Great way to spend some quality time with your wife.:fishing: Enjoy the day together!


----------



## surfnsam (Apr 28, 2008)

I was heading there tomorrow but weather looks bad. Went today and the creek I went to was lced up


----------



## BAYFISHER (Jul 6, 2001)

For the acorns that are shaking my tree to get a rise, click below to stop armchair fishing. Or if you're savvy, goto dnr website and look for me or my name. been posted there a few times. time to put up.

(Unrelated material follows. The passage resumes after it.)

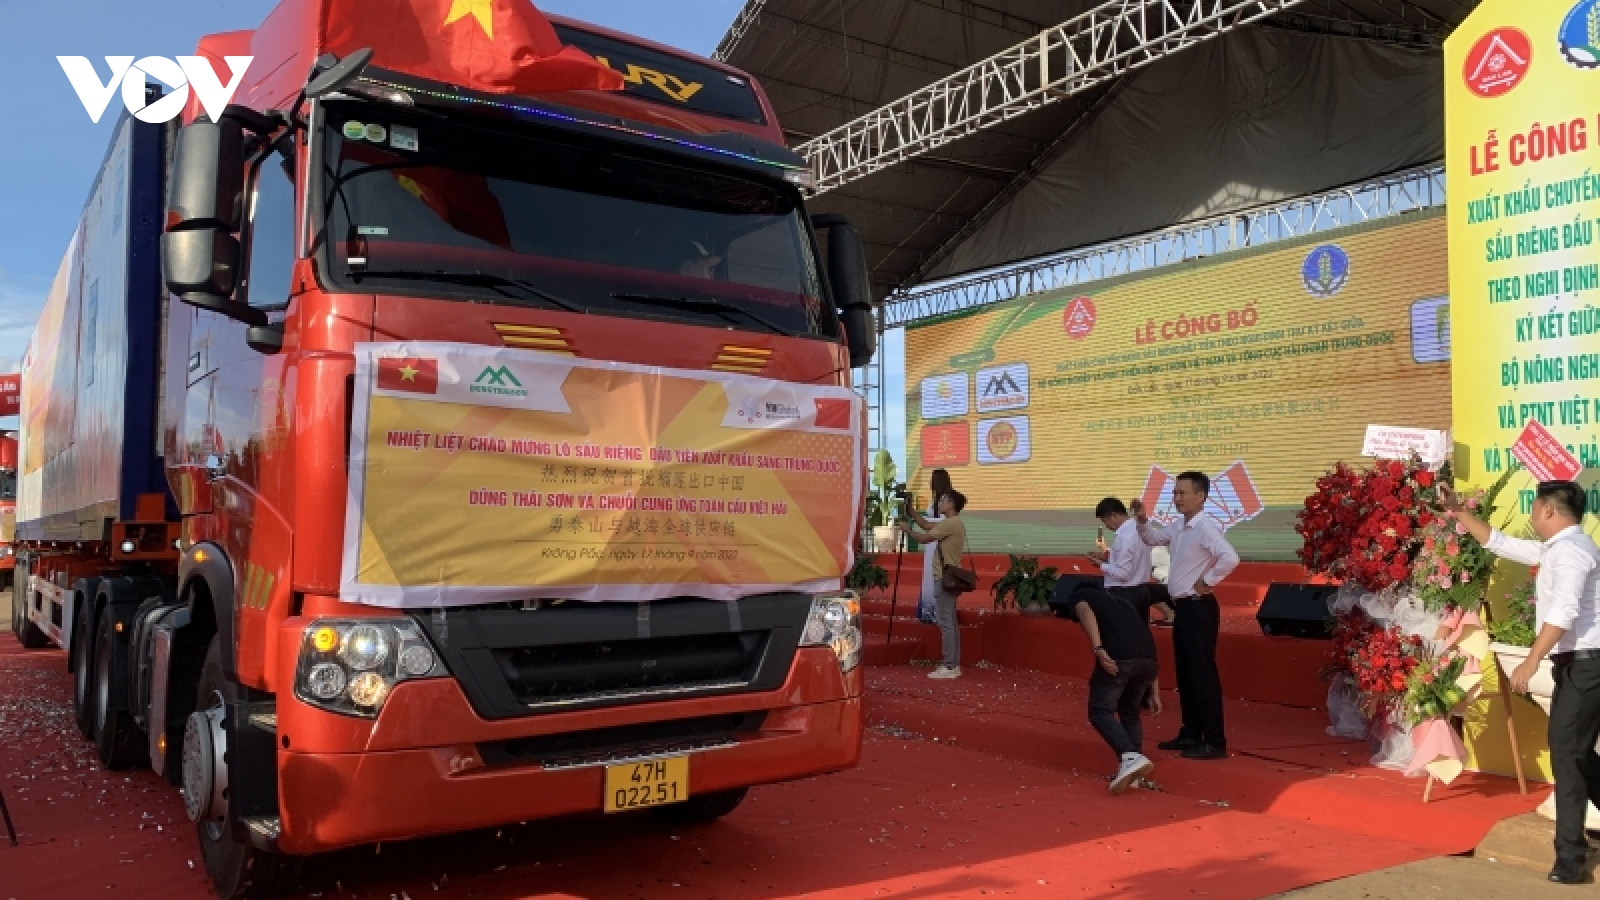 Lô hàng sầu riêng đầu tiên của Việt Nam xuất khẩu chính ngạch

http://www.pierandsurf.com/fishing-forum/attachment.php?attachmentid=4073&d=1269407093

http://www.pierandsurf.com/fishing-forum/album.php?albumid=424&attachmentid=4021


----------



## redbucket (Oct 23, 2013)

BAYFISHER said:


> http://www.pierandsurf.com/fishing-forum/album.php?albumid=424&attachmentid=4021


ouch..


----------



## kayak456 (Jun 5, 2012)

Have you caught any this year though?


----------



## BAYFISHER (Jul 6, 2001)

I aint tellin....YET. btdt. lately lmb locally,landlocked. I need to find out if buses goto annapolis near spsp WITH my 18 speed bike. So when I get there, I can ride back to silver spring on it, some two days later or so.


----------



## surfnsam (Apr 28, 2008)

Take it easy Bayfisher. Weather sucks, water cold and its windy. Nothing happening quite yet. When it starts I'll be sure to bring some extra salted bws;-) not giving away the juicy ones!


----------



## AbuMike (Sep 3, 2007)

BAYFISHER said:


> For the acorns that are shaking my tree to get a rise, click below to stop armchair fishing. Or if you're savvy, goto dnr website and look for me or my name. been posted there a few times. time to put up.
> 
> 
> http://www.pierandsurf.com/fishing-forum/attachment.php?attachmentid=4073&d=1269407093
> ...


Did you put up the right pics? Those are from like 2010...


----------



## BAYFISHER (Jul 6, 2001)

too many loaded questions. Its recent enough for me to fend off doubters. I am not an armchair fisherman. If it were my way, I would be at SPSP everyday until my first C&R and then relax all spring. One is all it takes.


----------